Friday, 29 May 2009

Remember, Nobody's Perfect

Remember, Nobody's Perfect

No investor - not even the greatest investors in the world - are right all the time.

Don't be discouraged when your system calls for you to lock in losses on a stock; not even the best investors in the world are right all the time.

Martin Zweig says:

"In the long run,
a 60% success rate translates into huge gains,
a 50% rate into solid gains, and
even a 40% rate can beat the market."


When it comes to the stock market, no one is right all the time - or even nearly all the time. Even the great Warren Buffett makes bad investments. Just read Berkshire Hathaway's annual report, and Buffett will often speak candidly about where he's gone wrong.

Some examples from a fund manager. A particular portfolio of theirs, by being right 62.7% of the time - on less than two-thirds of its picks - had more than tripled the gains of the S&P over 5 years. For the most part, their portfolios had accuracies between 50 and 60 % - far from perfect - and most had still doubled, tripled, or quadrupled the market. Being aware that no one can be right all the time, or even nearly all the time, can make it easier on your ego when your selling system calls for you to take a loss on a stock.
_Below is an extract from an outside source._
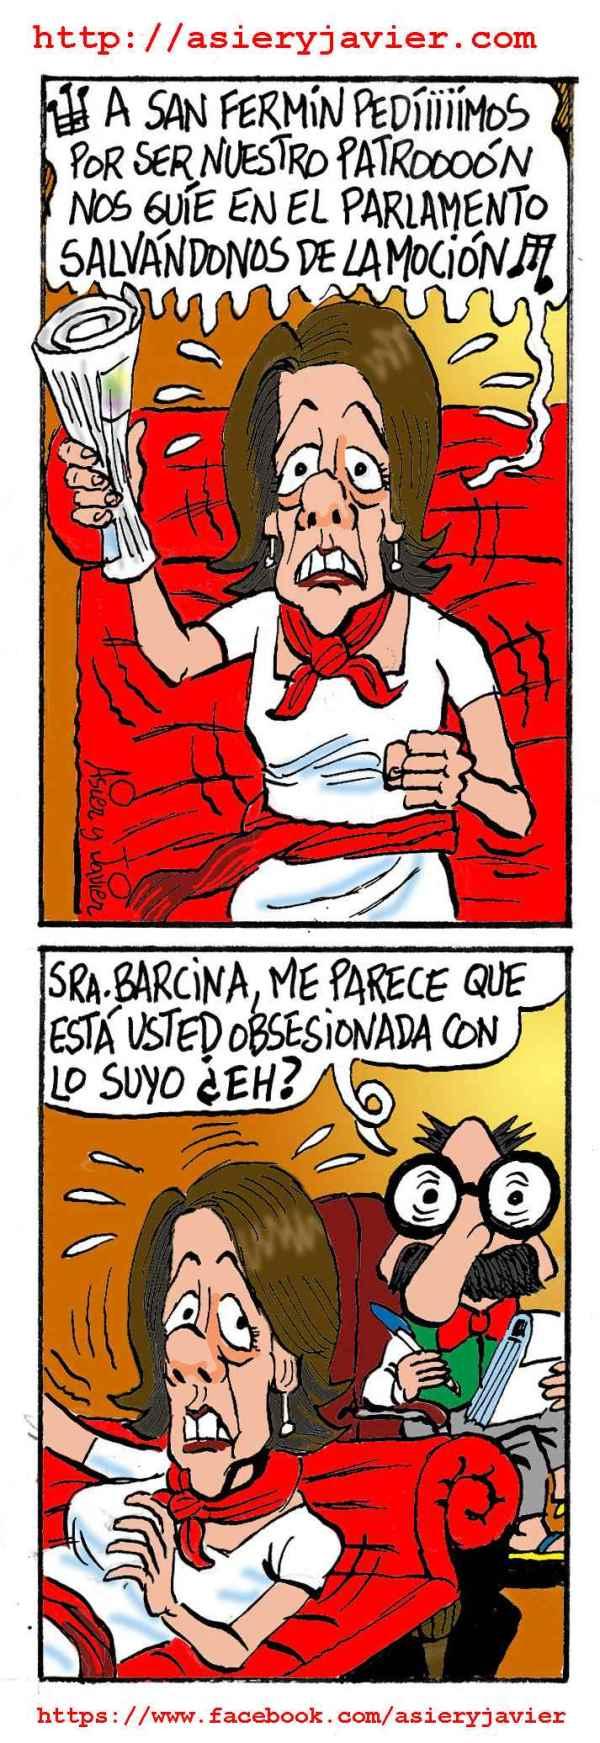 Barcina acude al doctor Txok ante la posibilidad de una moción de censura en Navarra. Viñeta, caricatura.

While you'll never be right all the time, you can be right more than you're wrong, however. In the end, the key is to develop a fundamental-based selling and rebalancing plan and stick with it, NO MATTER WHAT. When your portfolio does lose ground from time to time, you'll inevitably feel the urge to sell certain stocks and go after others on a whim or a hunch to make up ground. But if you have a detailed, quantitative selling system in place, you can help keep short-term emotions from wreaking havoc with your long-term performance.